=== Section Start ===

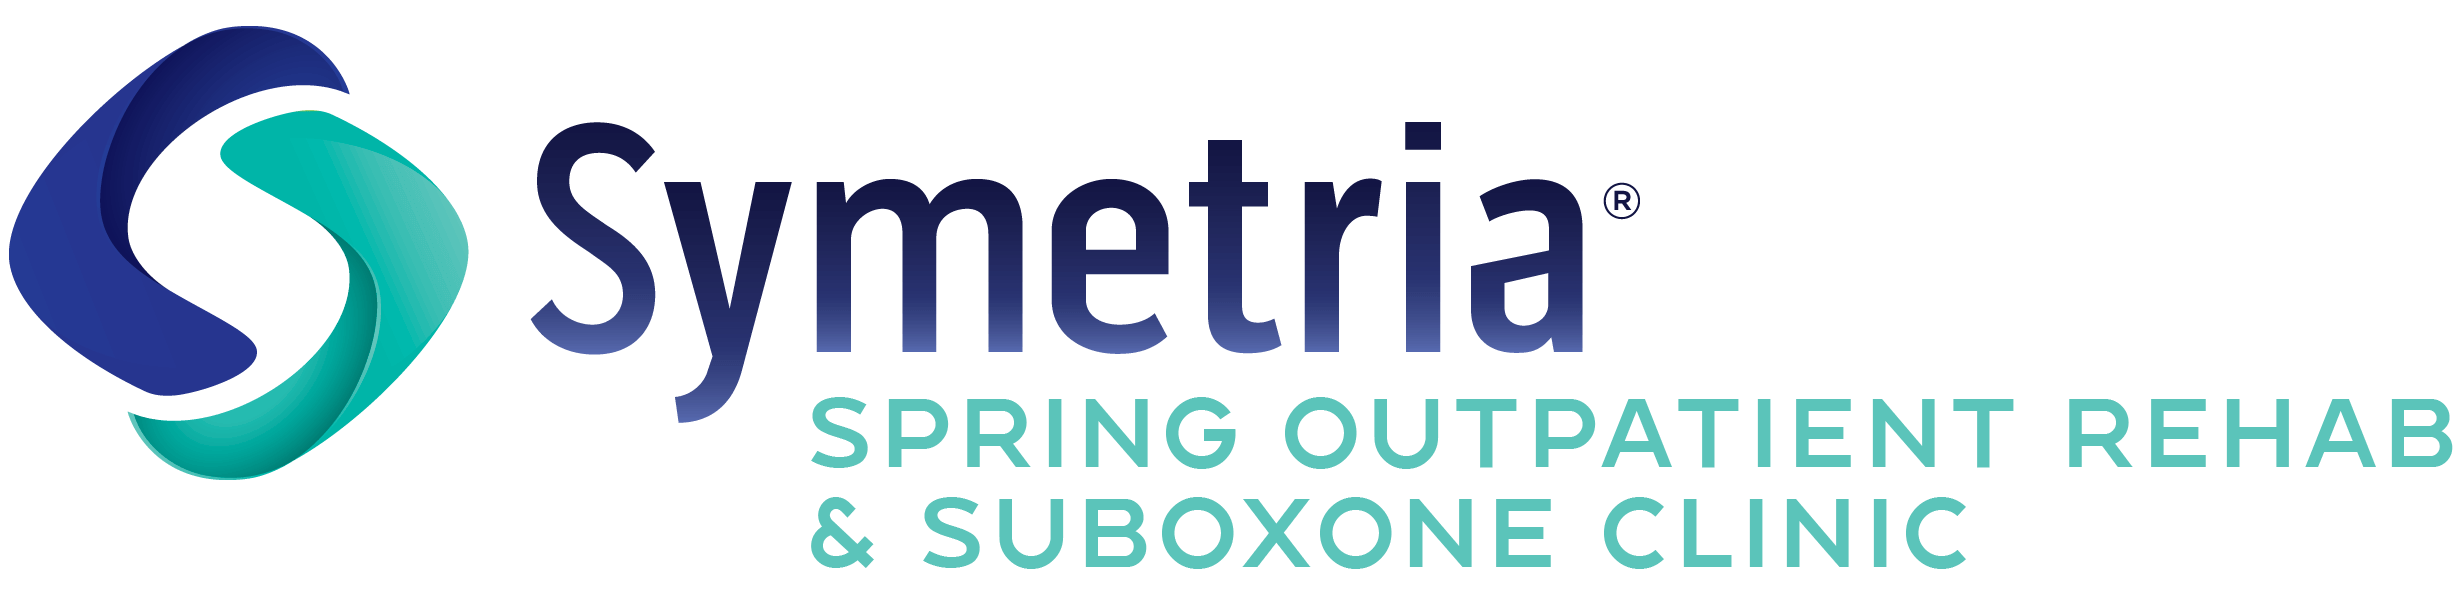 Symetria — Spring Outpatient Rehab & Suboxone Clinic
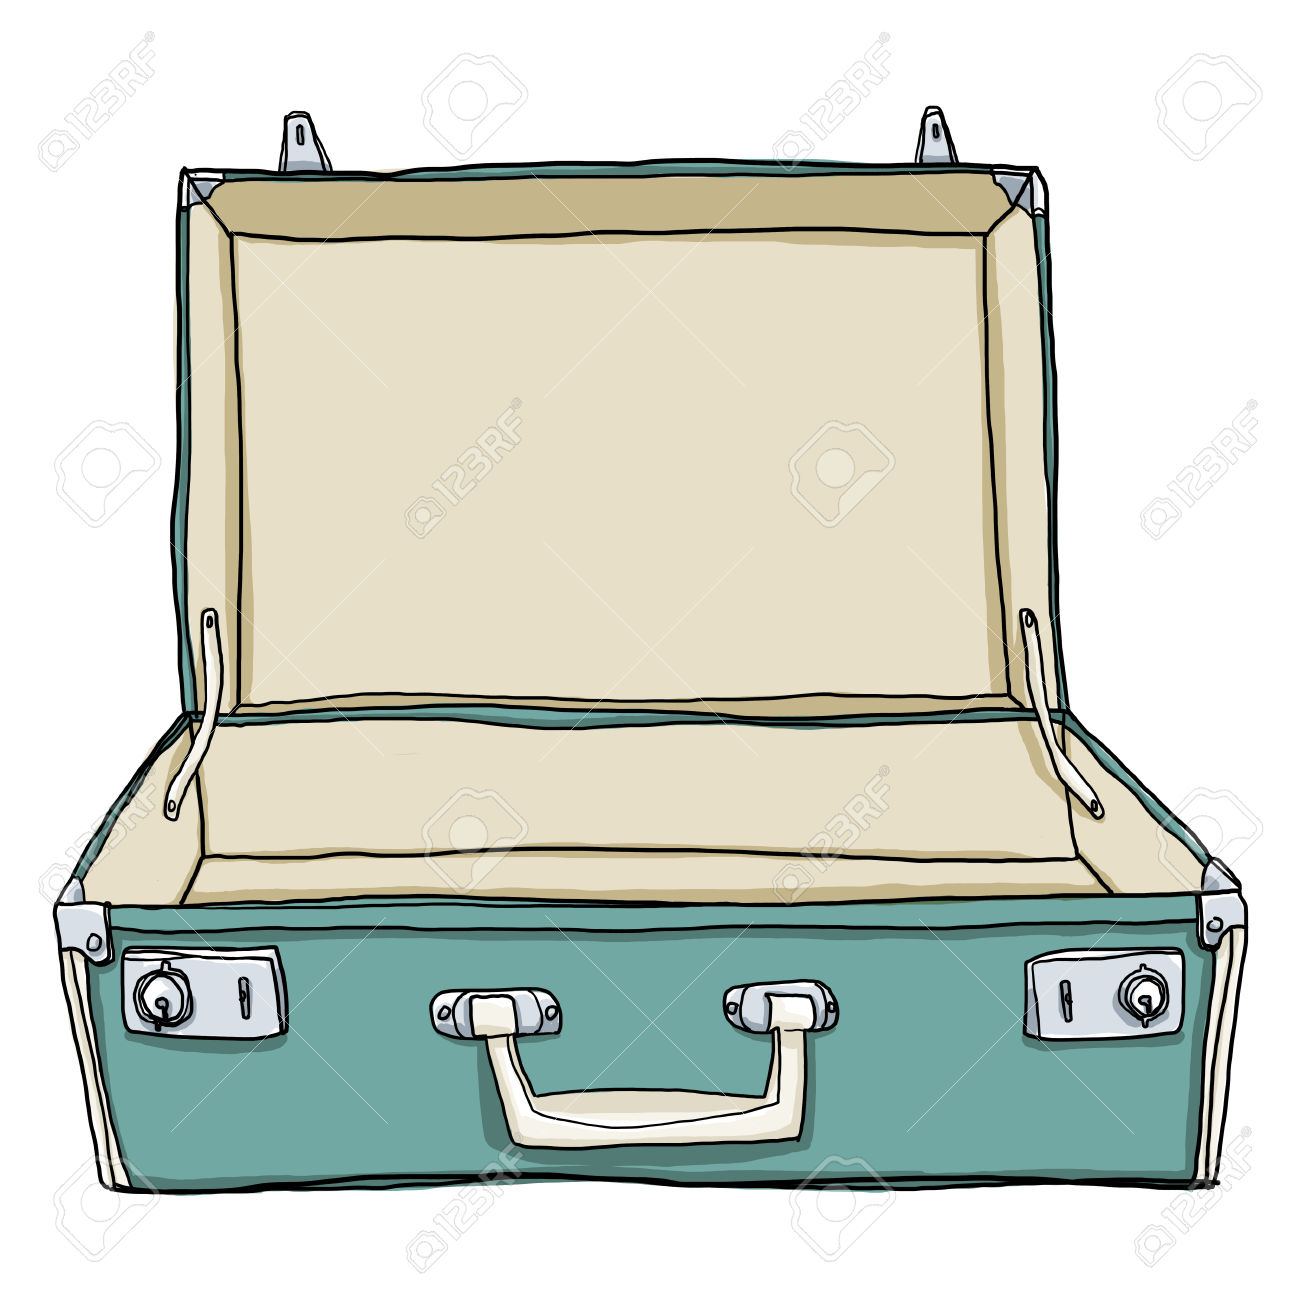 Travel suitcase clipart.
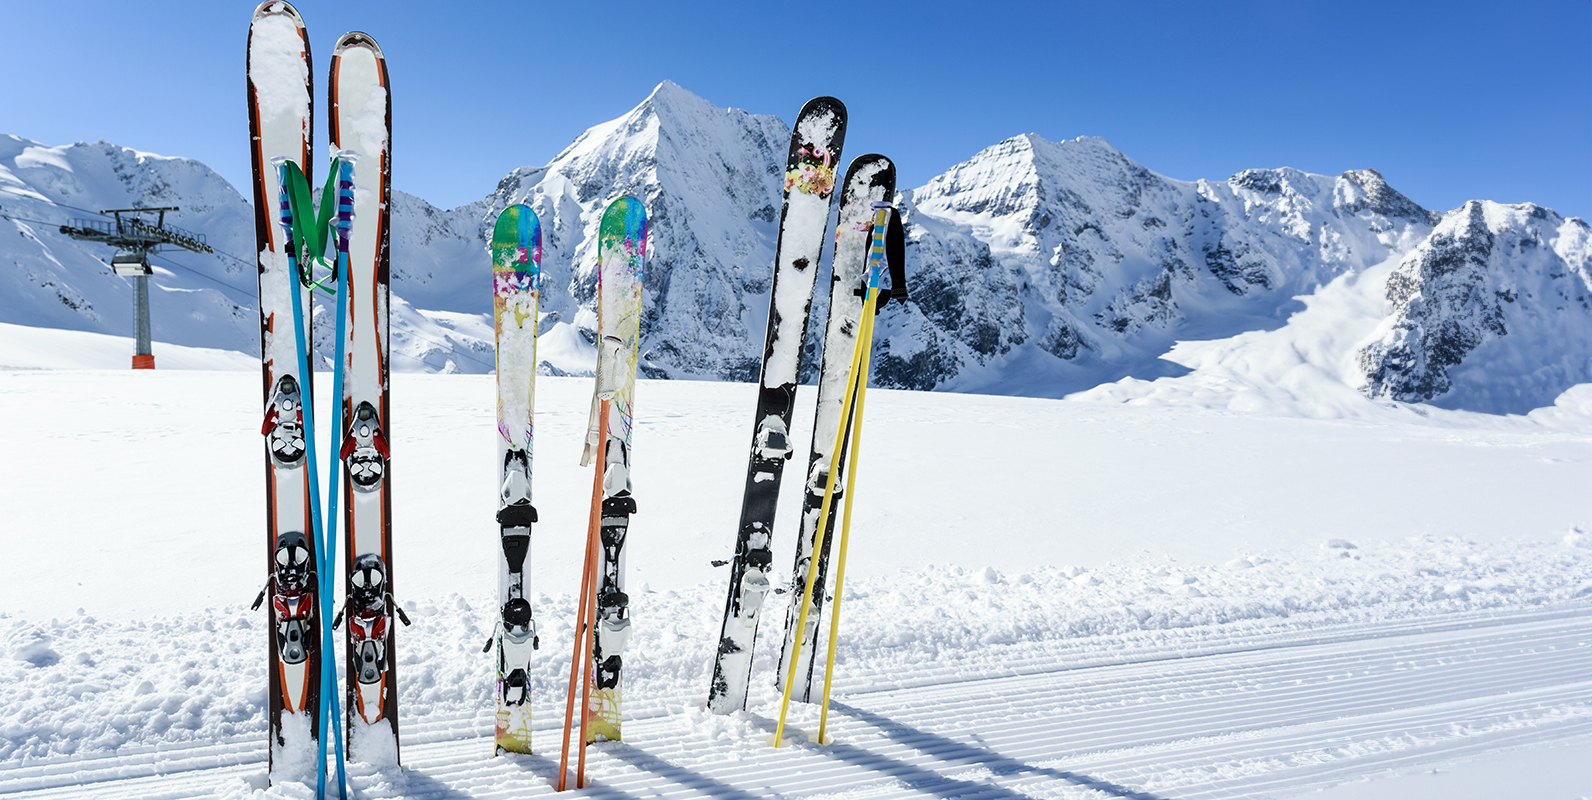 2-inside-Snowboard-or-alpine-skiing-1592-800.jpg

=== Section End ===

◆ About this task: A verbatim rendering of the listing above is required, without any of its pictures.

◆ Task answer:
 Symetria — Spring Outpatient Rehab & Suboxone Clinic
 Travel suitcase clipart.
 2-inside-Snowboard-or-alpine-skiing-1592-800.jpg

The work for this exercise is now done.